Row with max 1s

Our intuition is to traverse the given matrix row by row, and keep on counting the number of ‘1’s in each row and compare the count with max. And finally, return the index of the row with the maximum ‘1’s. This is a brute force kind of approach.

Just remember one thing while considering two rows have the same number of 1’s then we need to return the row with a lower index.

In the previous approach, we were iterating through all the elements of the matrix. Do we really need to do that? Think of how we can search for a point where the 1’s starts to appear since all the rows are sorted as given in the question.

Steps to follow towards a better approach :

1. Since each row is sorted, we can use Binary Search to count the ‘1’s in each row.
2. We find the index of the first instance of ‘1’ in each row which the first time we find a ‘1’ in each row.
3. The count of ‘1’s will be equal to the total number of columns minus the index of the first ‘1’.
4. And finally, we can return the row index with the maximum count of ‘1’s.

In the previous approach, we were searching in each of the given matrix.
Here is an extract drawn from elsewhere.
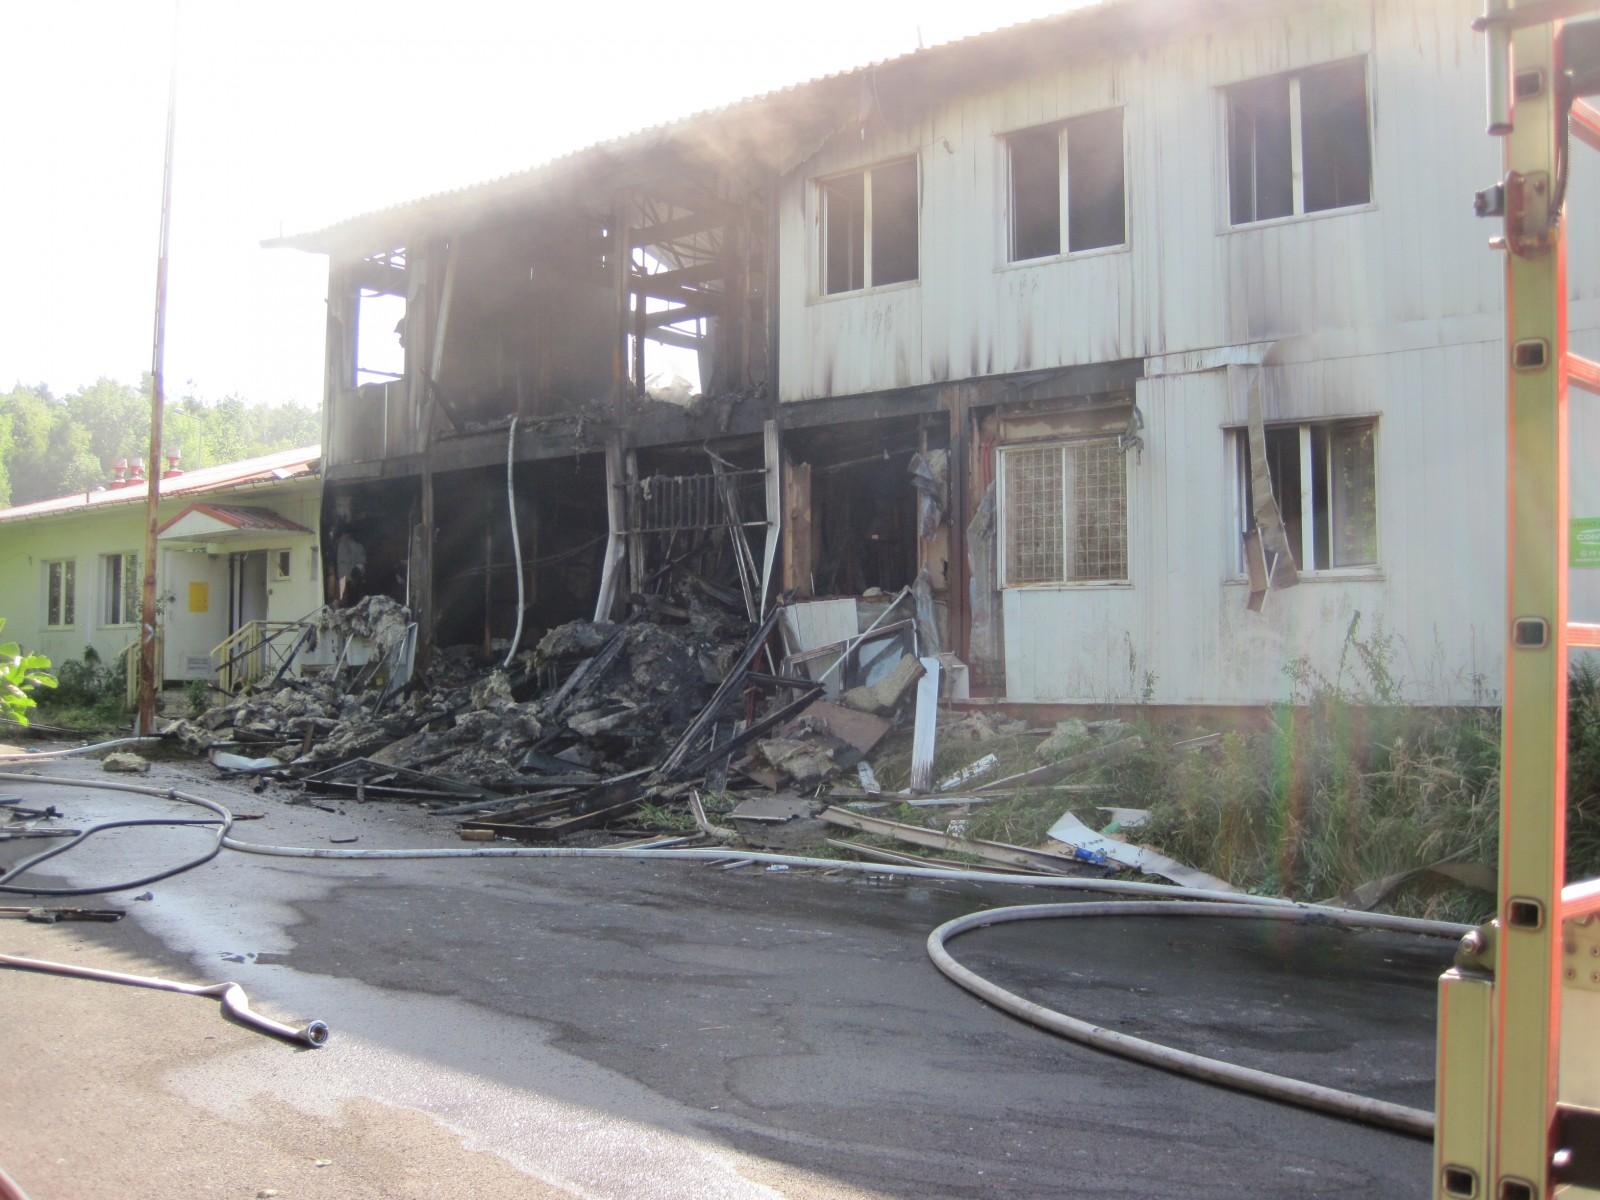 Pożar budynku po byłej placówce Straży Granicznej w Bogatyni / fot. mł.asp.Wojciech Piechowicz / KP PSP Zgorzelec

Can you think of a case in which we can really skip a row in order to make our approach more optimized?

Steps are as follows :

1. Get the index of the leftmost ‘1’ in the first row.
2. Do the following for every row after the first row.
3. If the element on the left of the previous leftmost ‘1’ is ‘0’, then we will ignore this row.
4. Else, move left until a ‘0’ is found.
5. Update the leftmost index to this index and “maxIndex” (row index with the maximum number of ones) to be the current row.
6. Finally, we can return the “maxIndex”.